Covington and Ohio Railroad was part of a planned railroad link between Eastern Virginia and the Ohio River in the 1850s. The mountainous region of the Allegheny Front (eastern side) of the Appalachian Plateau between an existing canal, railroads and navigable rivers represented a formidable obstacle.

The railroad was never formally incorporated. Instead, it became part of the Chesapeake and Ohio Railway in 1868. Under the leadership of Williams Carter Wickham and Collis P. Huntington, it opened to through traffic in 1873.

In the early 21st century, the tracks form a vital portion of the rail network for CSX Transportation as part of a pathway from the bituminous coal mines of West Virginia to the coal piers at Newport News, Virginia.

==Historical transportation need==
Beginning in the 18th century, for purposes of shipping goods and passenger transportation, Virginians had long sought a canal or railroad link between the navigable rivers which drain to the Chesapeake Bay and the Atlantic Ocean at the Fall Line and the Ohio River, which leads to the Mississippi River and the Gulf of Mexico. As a surveyor, George Washington had mapped out several potential routes, and in 1785, he had been an early investor in a canal venture. The James River and Kanawha Canal was the last final effort to do so by canal, and was partially completed. However, after 1830, emerging railroad technology made it increasingly clear that it offered a better solution to providing the desired link.

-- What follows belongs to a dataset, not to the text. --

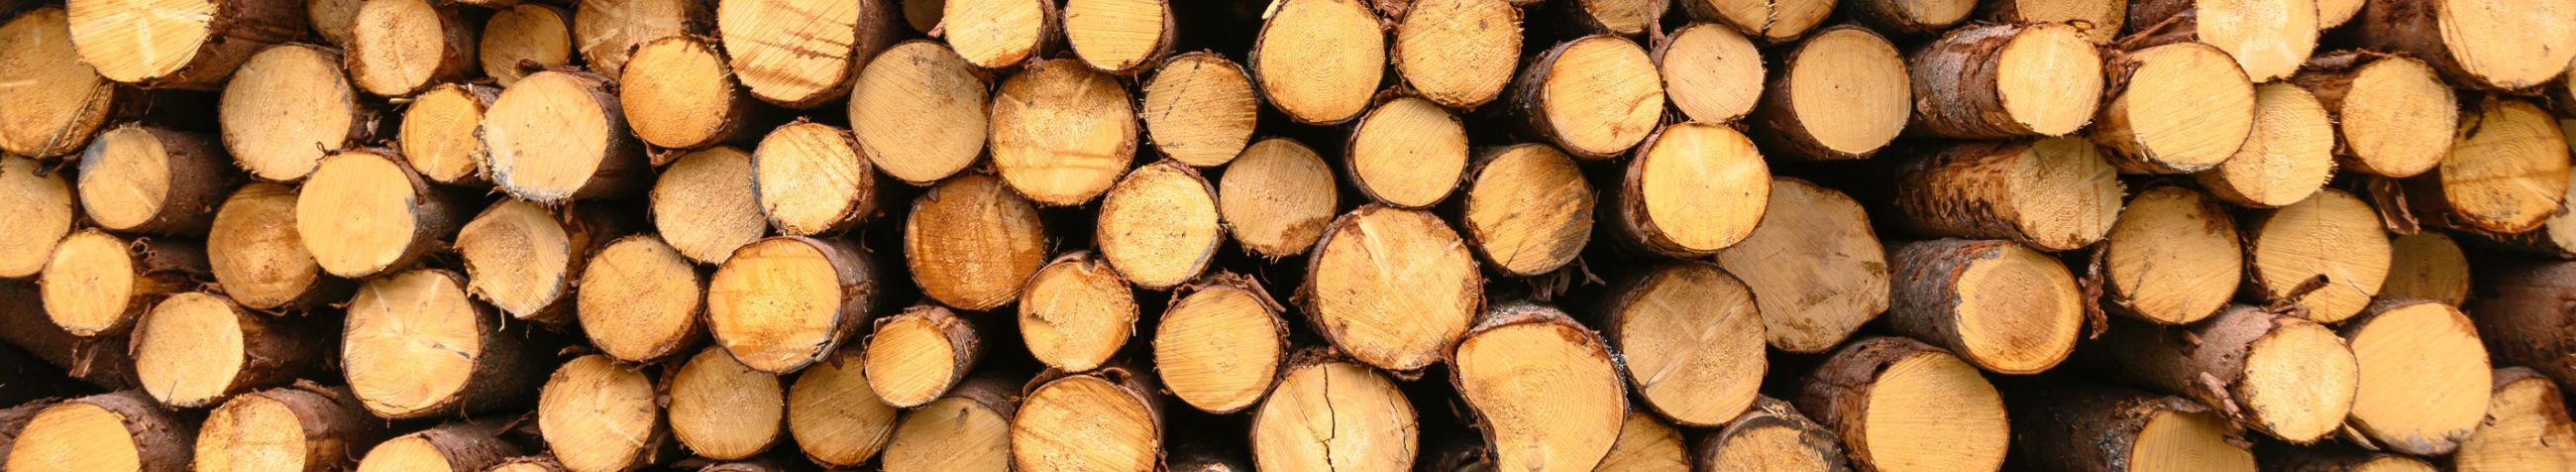 energy and mineral resources, heating materials, fuels, firewood for heating, firewood for fireplace, hopwood in a container, Wood briquettes, heating blocks, sauna trees, Stove Trees

==Virginia Central Railroad==
The early railroads in Virginia were privately owned, but often received partial state-funding through investments by the Virginia Board of Public Works, which was always keen to help with internal improvements in the state's transportation infrastructure. The Virginia Central Railroad, earlier known as the Louisa Railroad, had been formed in 1836 and was one of the state's oldest railroads. 40% of its stock was owned by the Virginia Board of Public Works. By the 1850s, it extended westerly from Richmond on the fall line of the James River through the Piedmont region of Virginia.

A plan was developed to extend the Virginia Central across the Blue Ridge Mountains and into the Shenandoah Valley and points west. However, the railroad had found that a planned crossing of the Blue Ridge Mountains at Swift Run Gap was financially unfeasible.

==Blue Ridge Railroad==
To protect its investment and enable transportation, the Virginia General Assembly then incorporated and financed a new entity, the Blue Ridge Railroad, to accomplish the hard and expensive task of crossing the Blue Ridge mountain barrier to the west. Rather than attempting the more formidable Swift Run Gap, under the leadership of the great early civil engineer Claudius Crozet, the state-owned Blue Ridge Railroad built over the mountains at the next gap to the south, Rockfish Gap near Afton Mountain, using four tunnels, including the 4,263-foot Blue Ridge Tunnel at the top of the pass, then one of the longest tunnels in the world. The tunnel was 'holed-through' on Christmas Day, 1856, and was less than six inches off perfect alignment, as construction had proceeded from either end. Rail service didn't begin until April 1858, although temporary tracks over the top of the gap were in operation as early as 1854. Due to the extreme grade, the first train to cross over the mountain wrecked on its return journey eastwards the following day. The Blue Ridge Tunnel eliminated this grade. As a corporate entity, the Blue Ridge Railroad ceased to exist when the tunnels were completed, becoming part of the Virginia Central Railroad. (During the American Civil War, the tunnels were utilized as part of the so-called foot cavalry movements of the Confederate troops of General Stonewall Jackson).

==Covington to the Ohio River==
In the 1850s, it became clear that the biggest obstacle to a thorough route to the Ohio River between the existing canal, railroads and navigable rivers was the rugged terrain of the Allegheny Front (eastern side) of the Appalachian Plateau (an area known in old Virginia as the "Transmountaine" region) to reach the Kanawha River (a tributary of the Ohio River).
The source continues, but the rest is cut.